Su cuerpo, traidor como era, respondió con un escalofrío de anticipación, el calor entre sus piernas volviéndose más insistente.

—Puedo sentir cuánto lo deseas, Iris —murmuró Ross, su mano deslizándose por su espalda, los dedos recorriendo su columna vertebral antes de posarse en la curva de su cadera.

—No importa lo que digas, tu cuerpo dice la verdad.

Lágrimas de frustración y humillación asomaron en las comisuras de sus ojos, pero parpadeó para apartarlas, negándose a darle la satisfacción de verla romperse.

Sin embargo, en el fondo, no podía negar la verdad de sus palabras. Su cuerpo había abandonado la lucha hacía mucho tiempo, y ahora, por mucho que lo odiara, suplicaba por más.

—Y ahora es el momento de darte lo que quieres —dijo Ross.
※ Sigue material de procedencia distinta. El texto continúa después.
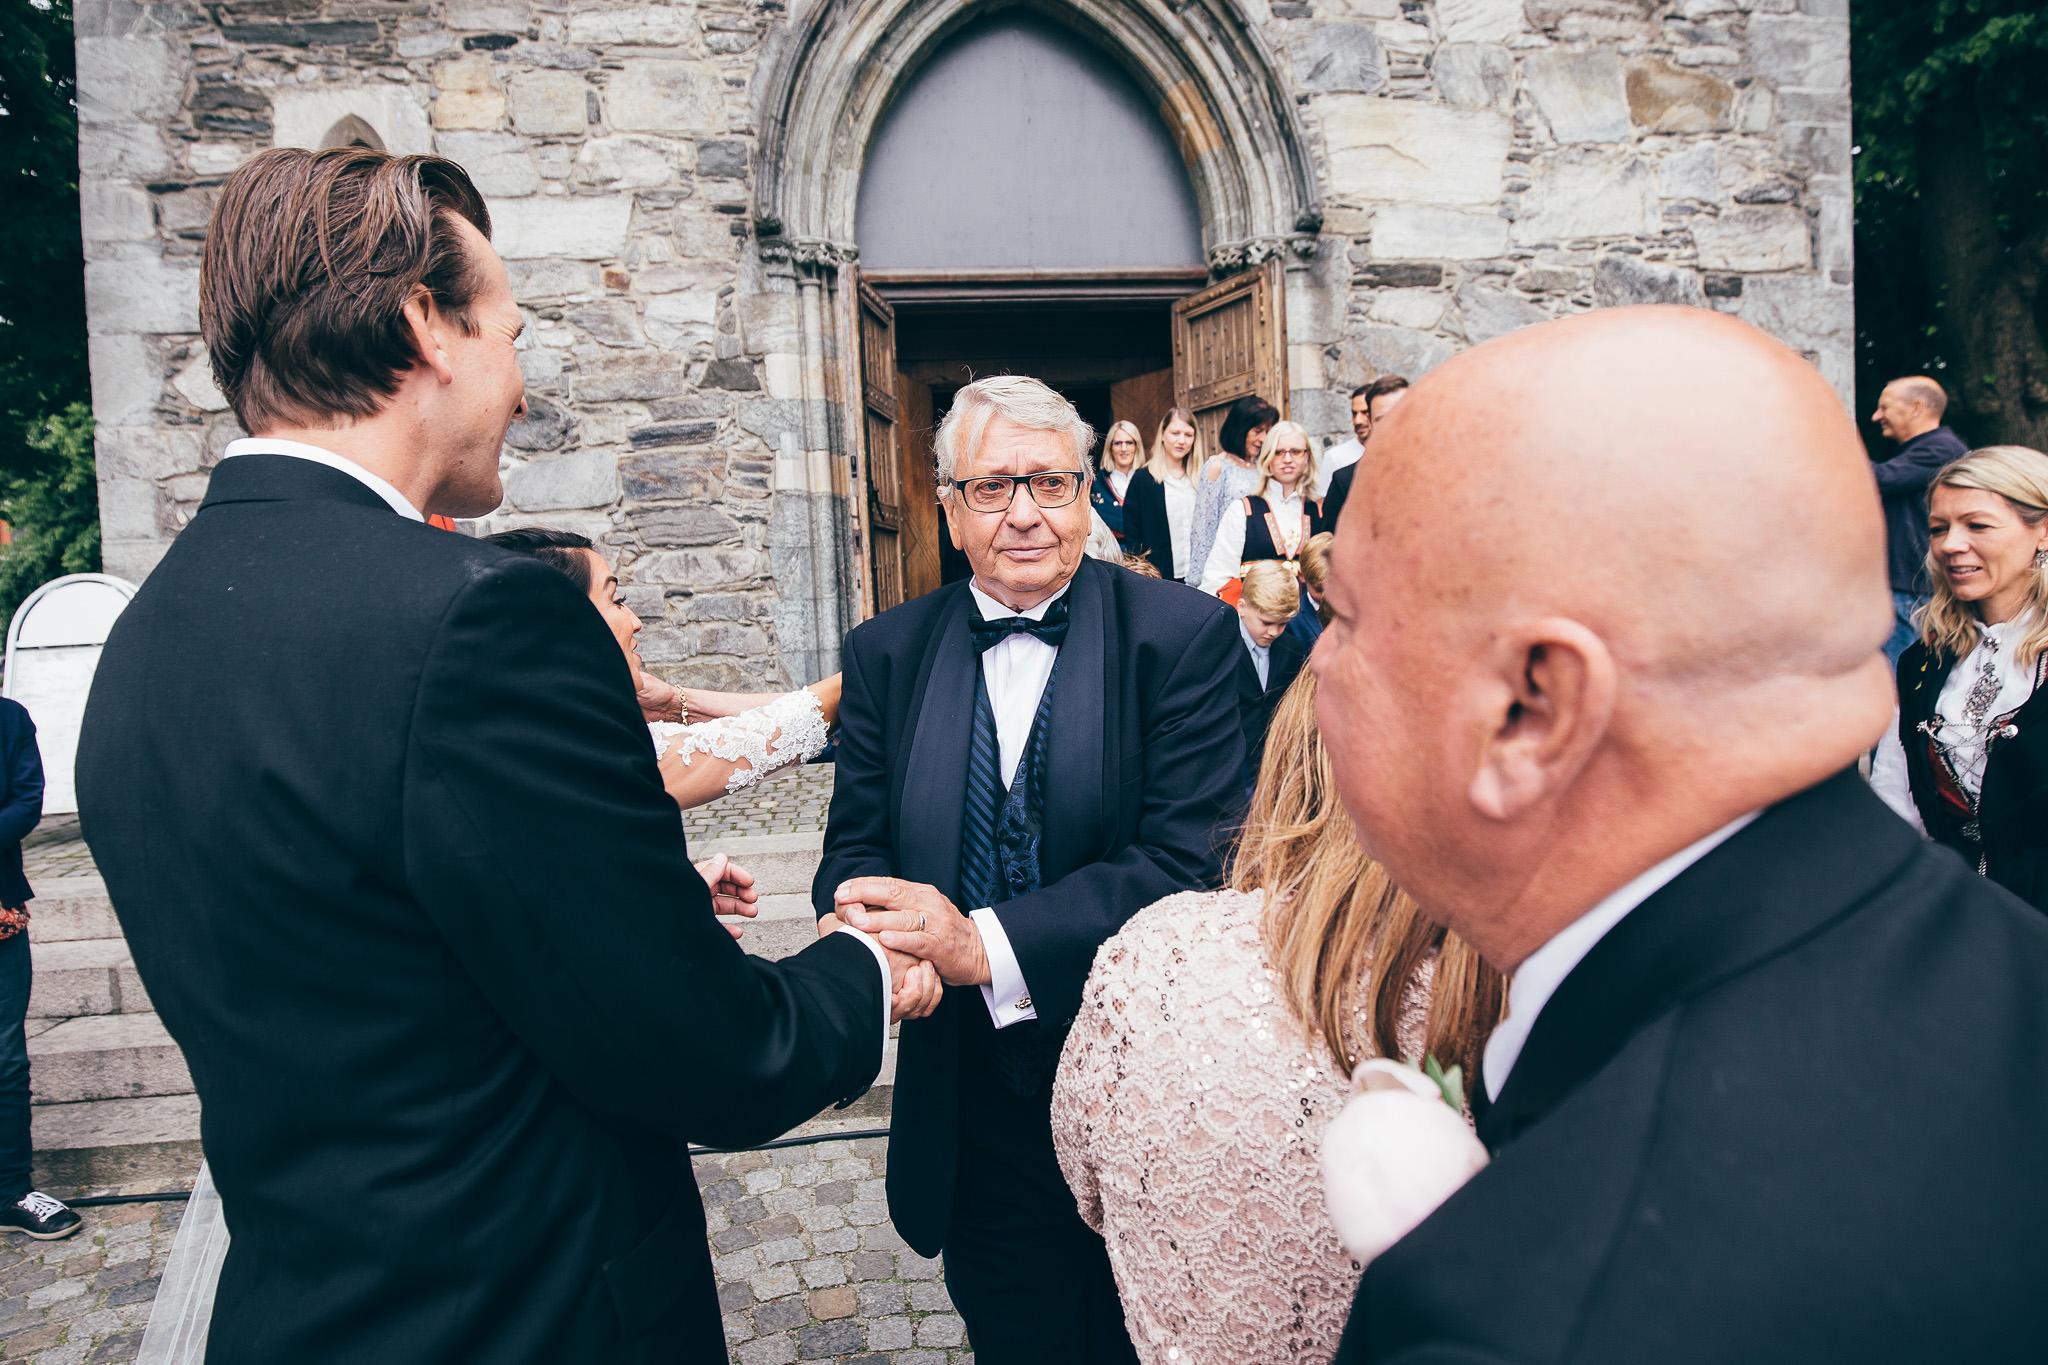 Wedding+Photographer+Norway+Bryllupsfotograf+Casey+Arneson+MK-138.jpg

La posicionó una vez más sobre su gruesa y ansiosa polla, se inclinó y la besó apasionadamente, vertiendo todo su deseo en el momento.

Iris se estremeció ante la familiar presión que se acumulaba entre sus piernas, pero se encontró perdida en el ardor de su beso.

No se parecía a nada que hubiera experimentado antes, un torbellino de emociones que le aceleraba el corazón.

Cada roce de sus labios contra los de ella enviaba chispas de electricidad a través de su cuerpo, encendiendo un fuego en su interior que amenazaba con consumirla por completo.

Podía saborear el hambre en su beso, una necesidad desesperada que reflejaba la suya propia, pero el peso de sus emociones contradictorias se cernía sobre ella.

Aun así, se centró en lo que sucedía debajo de ella. Con una mezcla de aprensión y deseo, intentó bajarse sobre la polla de Ross, sintiendo cómo la cabeza presionaba insistentemente contra su entrada.

Sin embargo, rápidamente se dio cuenta de que era simplemente demasiado grande para que su apretado coño pudiera acomodarlo.

Una oleada de frustración se mezcló con su anhelo, pero se negó a desanimarse.

Su cuerpo le estaba respondiendo, su coño húmedo y resbaladizo por la excitación, el líquido lubricante prometiendo ayudarla en su búsqueda de placer.

—Perdóname, Karl. Simplemente no puedo soportarlo más —susurró Iris por lo bajo, una plegaria silenciosa escapando de sus labios mientras la culpa la invadía.

Se estaba ahogando en esta nueva experiencia de placer carnal absoluto, su cuerpo traicionando a su mente.

El conflicto en su interior era palpable; sintió una punzada de arrepentimiento por el hombre que había dejado atrás, incluso mientras su cuerpo ansiaba aquello mismo a lo que había jurado resistirse.